# Athearn RTR vs tsunami



## Grabbem88 (Feb 24, 2012)

I did an install around December and been fighting it ever since.

Problem (s) motor stalls makes a noise and no matter how much power applied it just sits there

I get random shut downs 

Since I have nce I watched the voltage/power meter and I've seen spikes in the .70's while blasting horn 

I have ran this one with others and it causes track/nce to reset

I have ran my other 3 at the same time you can see video and the highest I ever seen was .28 

Anyways I'm blaming the motor 

Reason: heat! I have felt engine shell and it was warm 

Second when I try to get engine to run at crawl speeds the motor seems to bind

Track is clean wheels connections etc has all been checked and checked again.

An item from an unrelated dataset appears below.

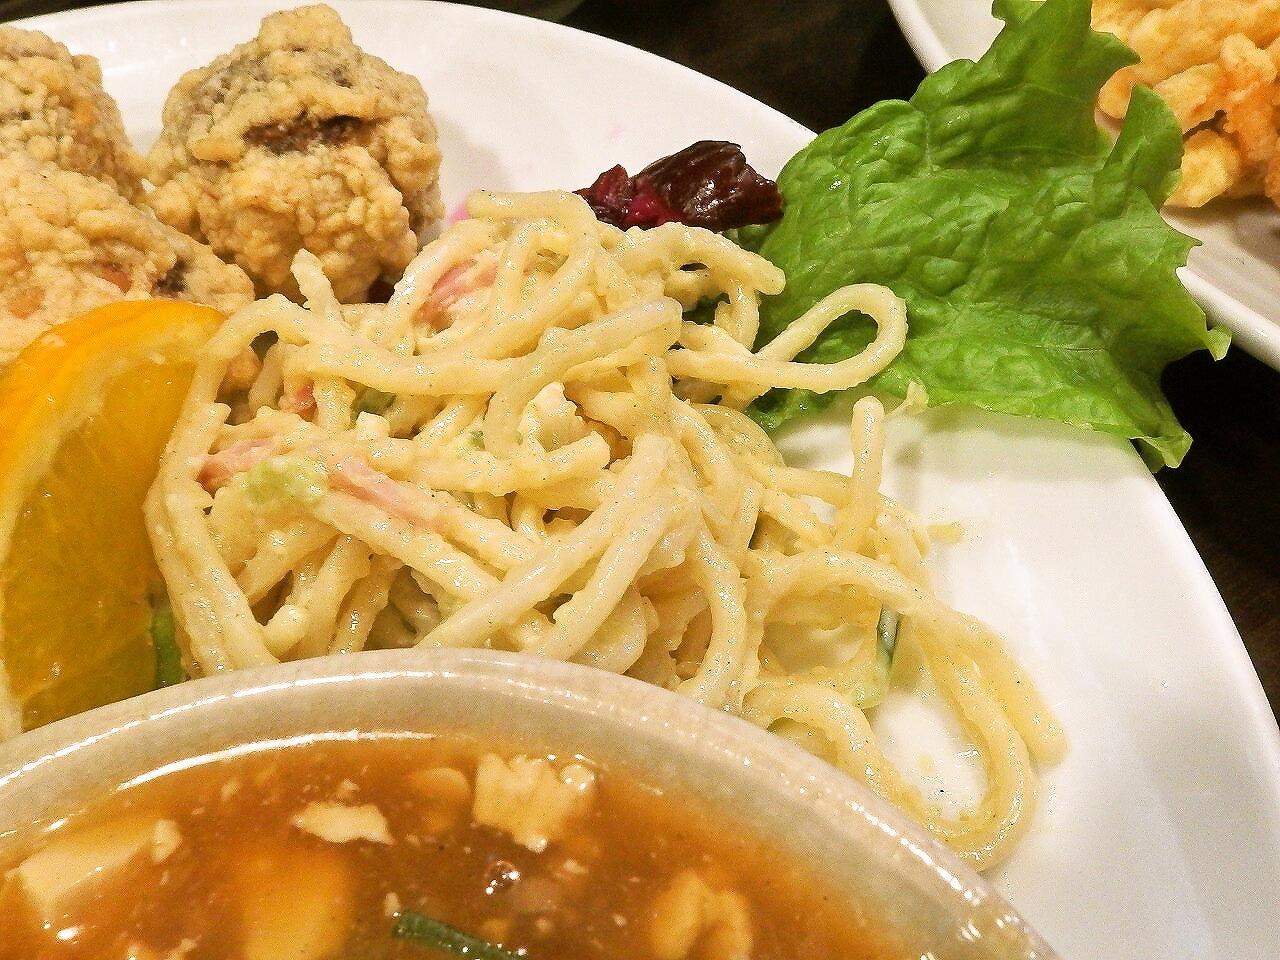 s-foodpic7609357.jpg

So is this just another case of another athearn open frame motor failure

I have a kato motor on stand-by but wanted ask first if I'm concluding this right??

Thanks art


----------



## Brakeman Jake (Mar 8, 2009)

It may be a binding truck too...check that they rotate freely with drive shafts removed first.


----------



## Grabbem88 (Feb 24, 2012)

Already did that as well.. I'm still more worried about the heat and spikes when running the engine


----------



## Grabbem88 (Feb 24, 2012)

Lol when I pulled d/s I didn't start it up. Sure enough it spun but I heard the noise so I put my finger on flywheel and it sounded like an overheated fan motor at work..

So I guess I'm doing a Kato motor swap...


----------